In Texas, the question of how to teach about evolution is on the table again.
The state’s board of education is considering removing a group of standards that encourage teachers to examine scientific evidence for evolution with a critical eye, the Austin American-Statesman reports.
The standards were adopted in 2009 after a debate that drew national attention.
The standards in question don’t specifically ask teachers to analyze the “strengths and weaknesses” of evolutionary theory, as did a previous set of Texas science standards. But they were called out for using unscientific language.
In practice, the standards drew complaints from teachers, who said they were unwieldy, the Statesman reports. The state’s board took a preliminary vote to remove the four standards in July, and tasked a committee with streamlining the state’s science standards.

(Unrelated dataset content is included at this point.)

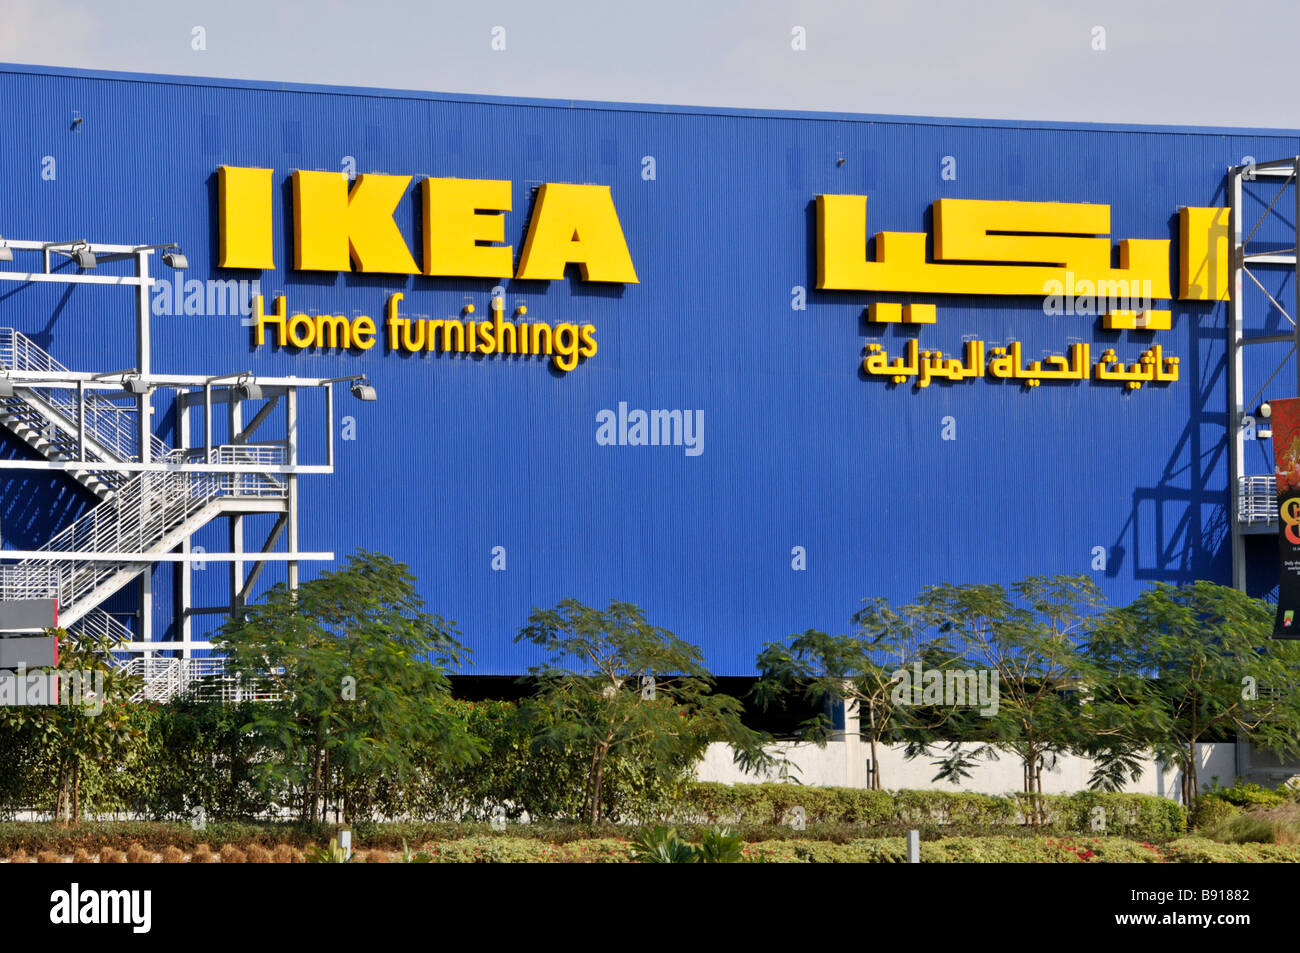 Dubai Ikea casa arredamento negozio shopping edificio moderno bilingue arabo Segno e logo iconico scalinata di fuga dal fuoco esterna United Arab Emirati Arabi Uniti Foto Stock

But the committee’s recommendations are controversial. Evolution News and Views writes that dropping the standards means dropping “quality science” from the state’s curriculum. And one committee member, Baylor University chemistry professor Chuck Garner, told the Statesman that the standards don’t invite junk science into the classroom and that the committee is waging a political war.
The state’s board is already involved in a political war about a new textbook that’s been proposed for use in a Mexican-American studies high school course. The book has been decried for racist language.
The board’s next meeting is in November.
Texas isn’t the only state where the teaching of evolution remains controversial. Earlier this year, Louisiana’s legislature voted not to repeal a law that asks schools to give equal weight to evolution and creationism. And evolution was a hot topic when South Dakota was debating whether to adopt new science standards in 2015.
- Evolution Coverage Improves, Review Finds (2009)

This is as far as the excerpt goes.